Thanks in advance for any answers to this post.​


----------



## hXcChic22 (Dec 26, 2009)

If he was acting strange, he probably just died and they ate him. Most fish that aren't actual predators won't eat a fish while it's still alive. 
You'd be surprised how quickly 5 tiger barbs (or any five fish, really) can strip a carcass down to bones. Fish are opportunistic feeders and will often start nibbling on a dead fish before you even notice it's dead, and it's probably better that they ate it rather than let it decay and get an ammonia spike.


----------



## someonefishy (Oct 14, 2010)

Yes, I would say that's most likely what happened -- they picked his dead carcass clean. As to why he died if your water was fine -- that could remain a mystery from now on, since you weren't present to observe him or your aquarium frequently throughout the day. Sometimes a fish will succumb despite our best care, and we never do find out what caused it. If all the other fish in your tank are fine, that just deepens the mystery.

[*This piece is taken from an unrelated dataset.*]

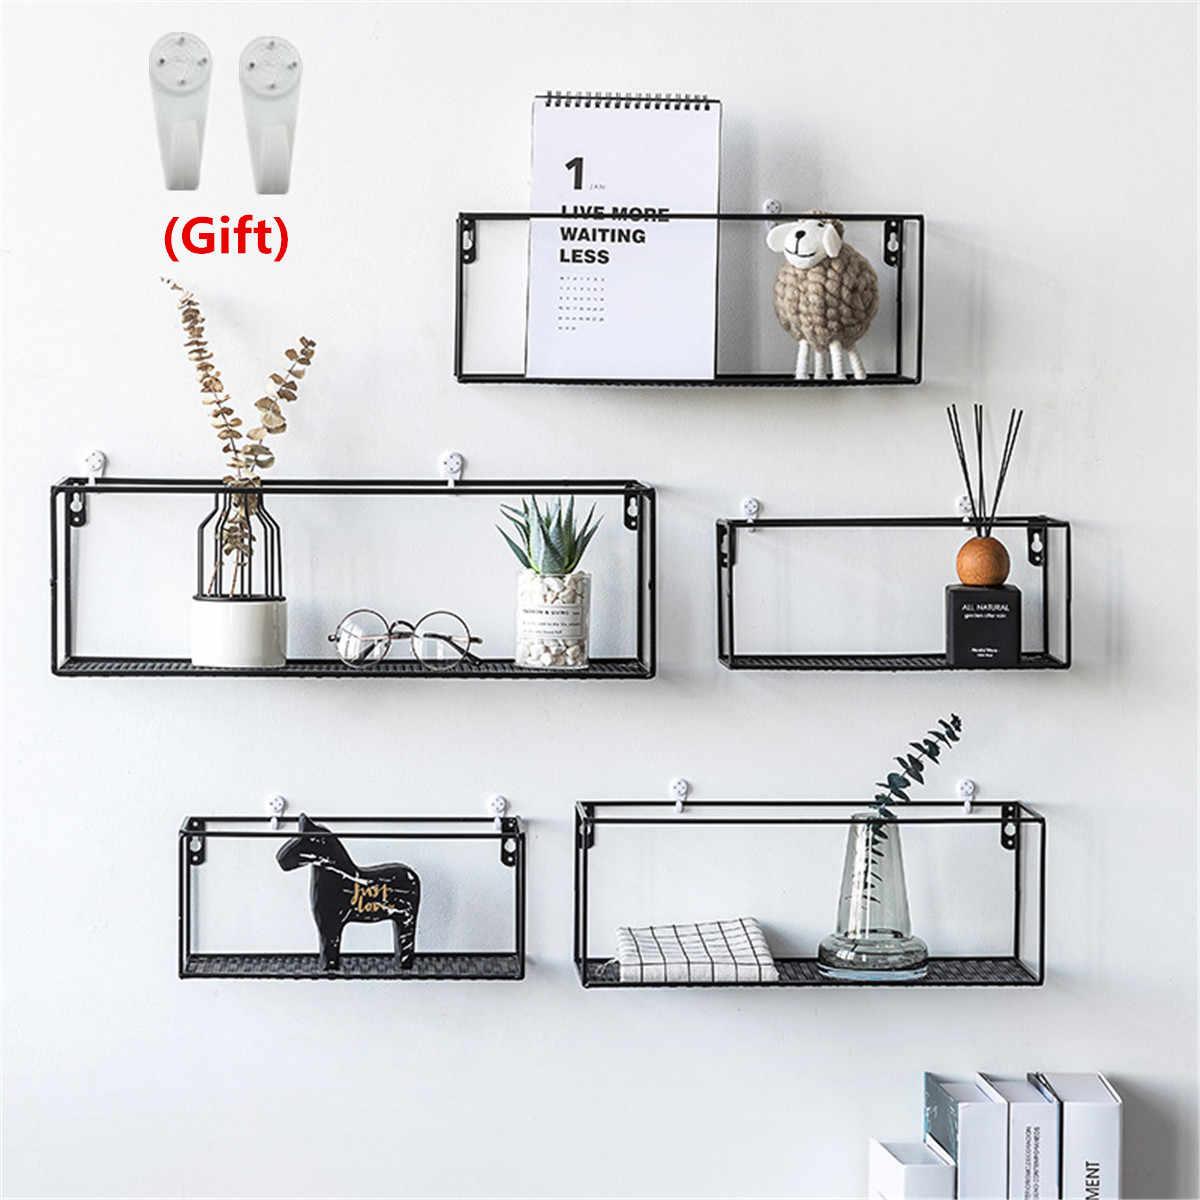 Iron Wall Shelf Wall Mounted Storage Rack Organization For Kitchen Bedroom Home Decor Kid Room Diy Wall Decoration Holder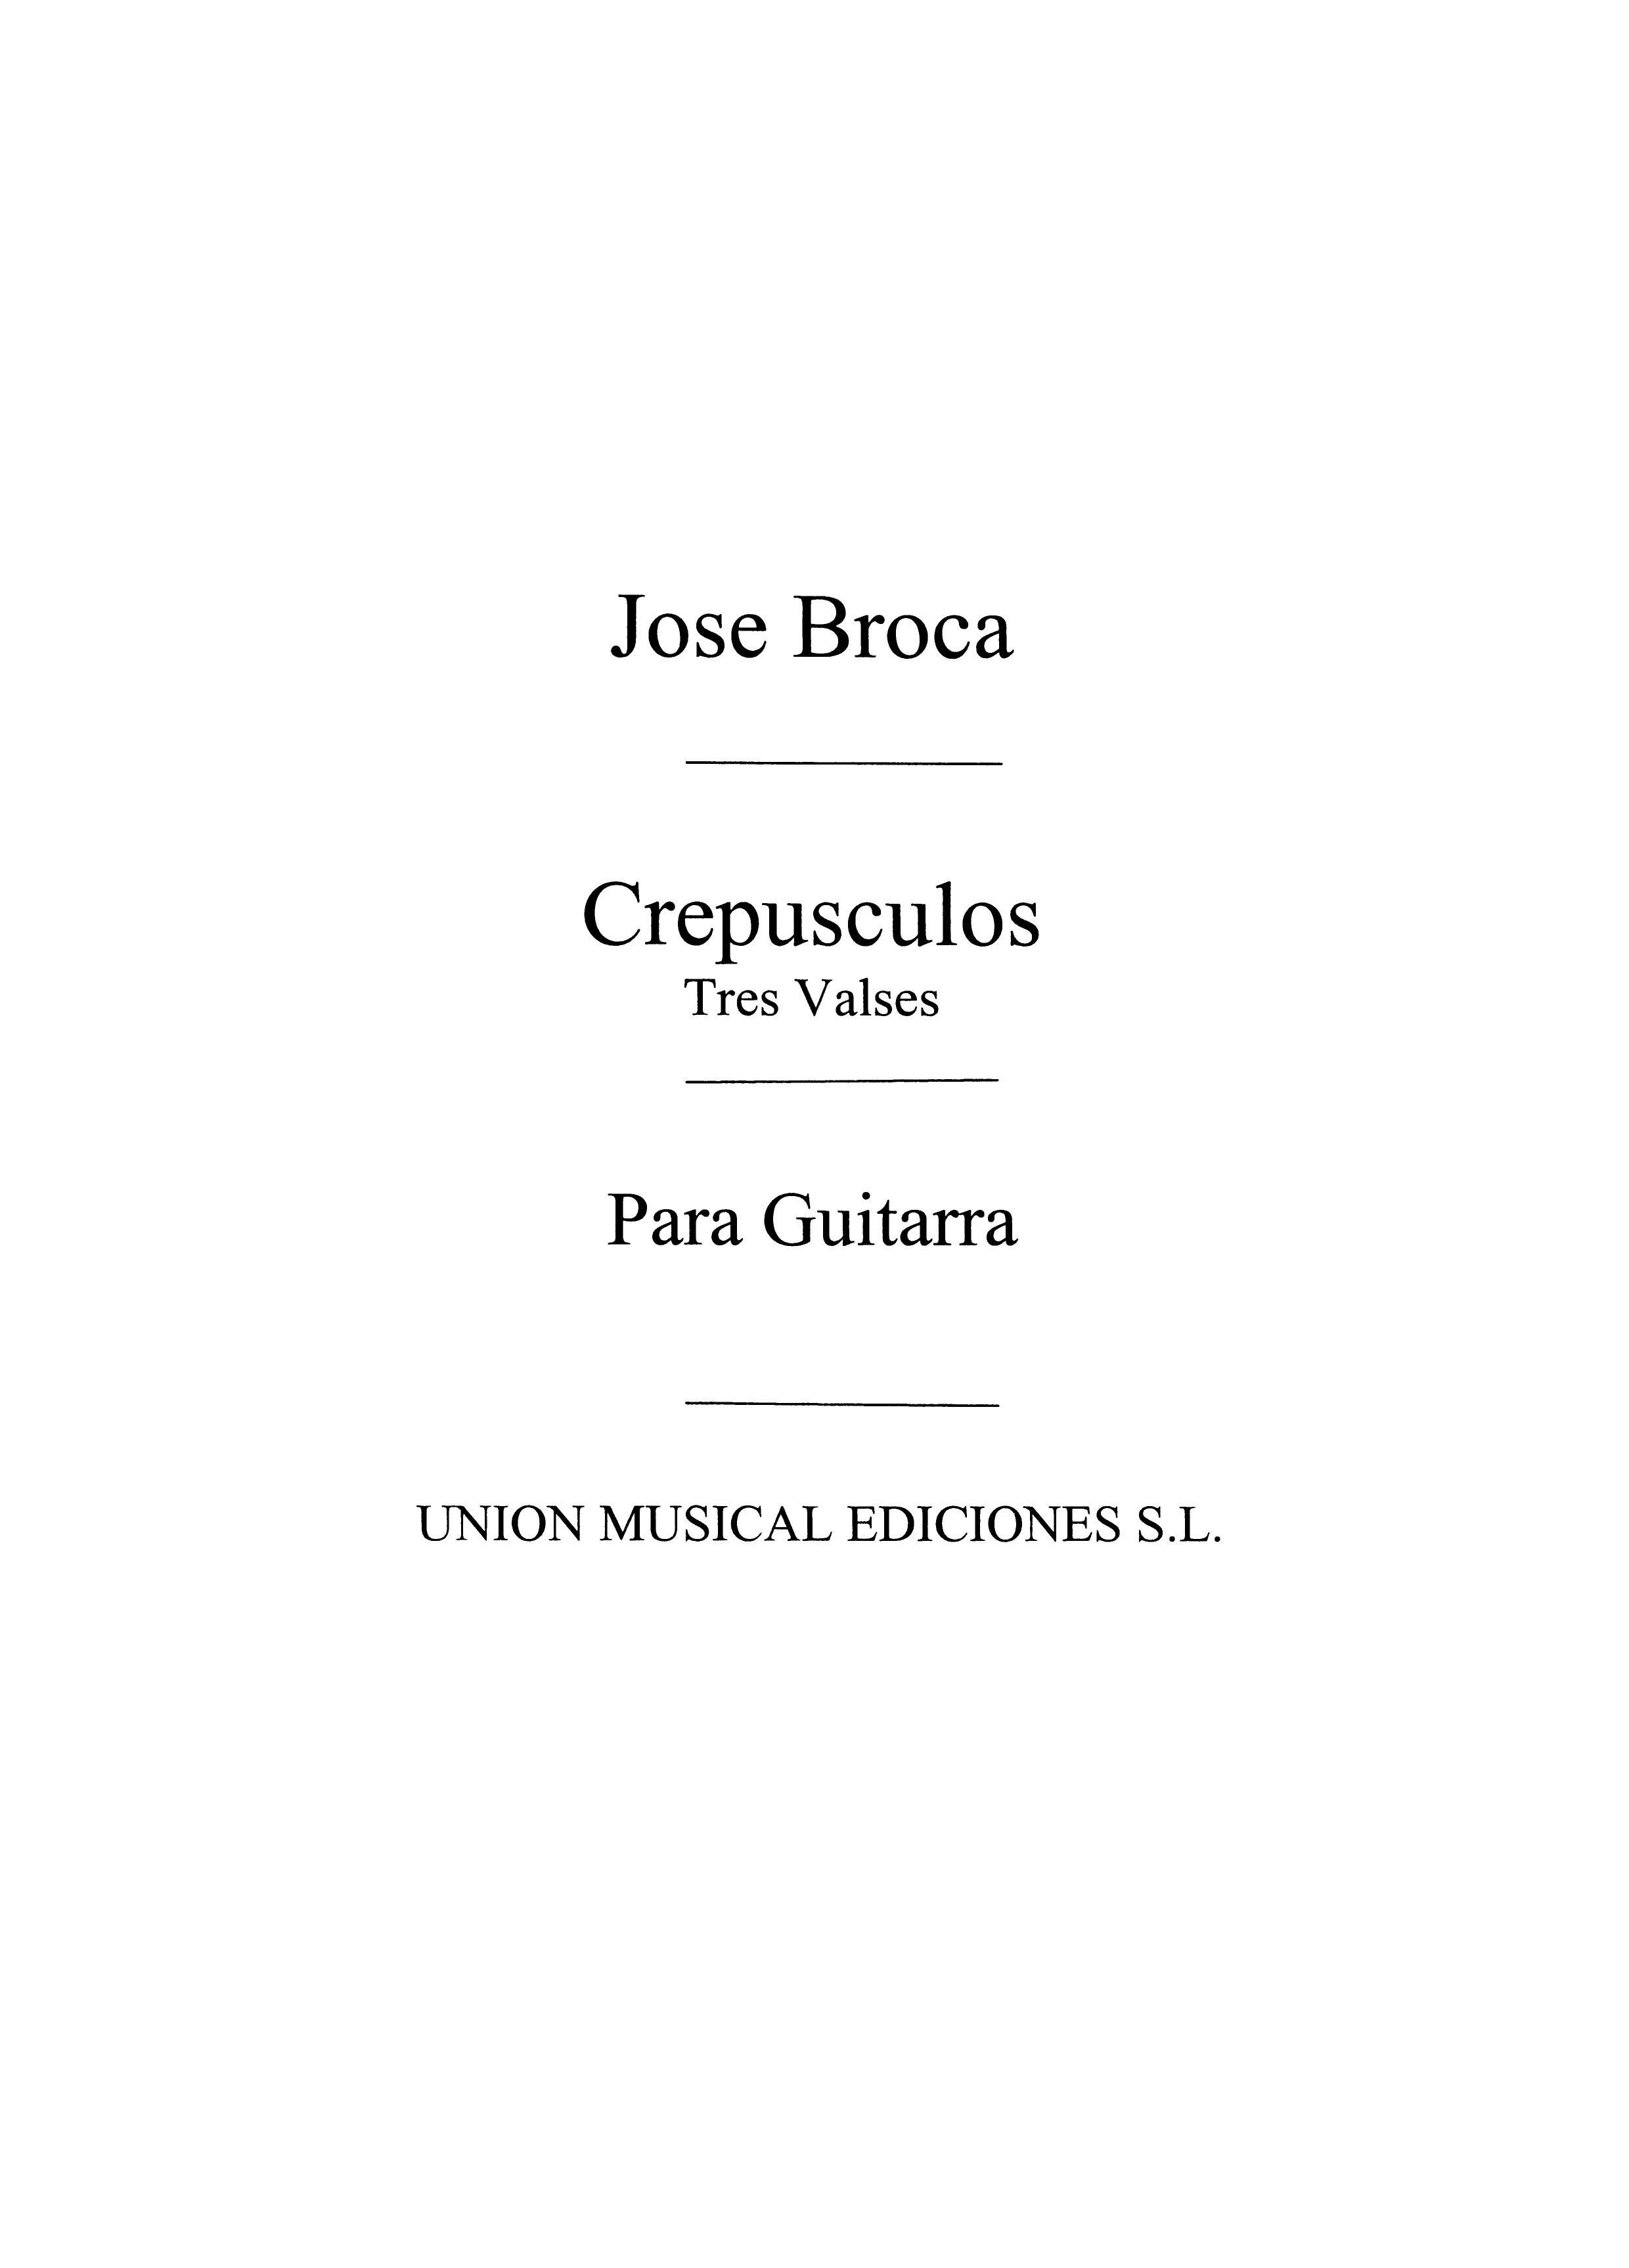 Jose Broca: Crepusculos  tres Valses: Guitar: Instrumental Work

As was stated here, it's a good thing he wasn't left to decay, as that would have polluted your water, bigtime.

-- someonefishy


----------



## Revolution1221 (Apr 20, 2010)

youd be suprised a lot of fish will start picking at a sick or wounded fish and it wouldnt suprise me if the tiger barbs did ive seen a youtube video where a large school of tiger barbs were attacking a completely healthy fish until they ate the entire thing. tiger barbs are some mean evil fish. but it is possible they didnt until he was dead.


----------



## Cam (Nov 9, 2009)

What did you feed him and how often? How long was he in your tank and how big was he?


----------



## emc7 (Jul 23, 2005)

Even eaten dead fish make ammonia (more food=more waste), it just broadens the spike some (same total amount of ammonia, but more spread out and lower high point). So change some water for good measure.


----------



## KathrynGaines00 (Sep 24, 2010)

Thanks for the replies, again! Yes, it is quite a mystery. Crazy. I feel so bad. Yeah tiger barbs are pretty nasty and mean at times. I'm almost regretting getting them. They cause quite a bit of ruckus haha. Maybe this will change if I make the school bigger. But I fed the pleco algae wafers everyday and he ate fallen food from the other fish


----------



## KathrynGaines00 (Sep 24, 2010)

Oh and I had him a few weeks. He was about three inches or a little less


----------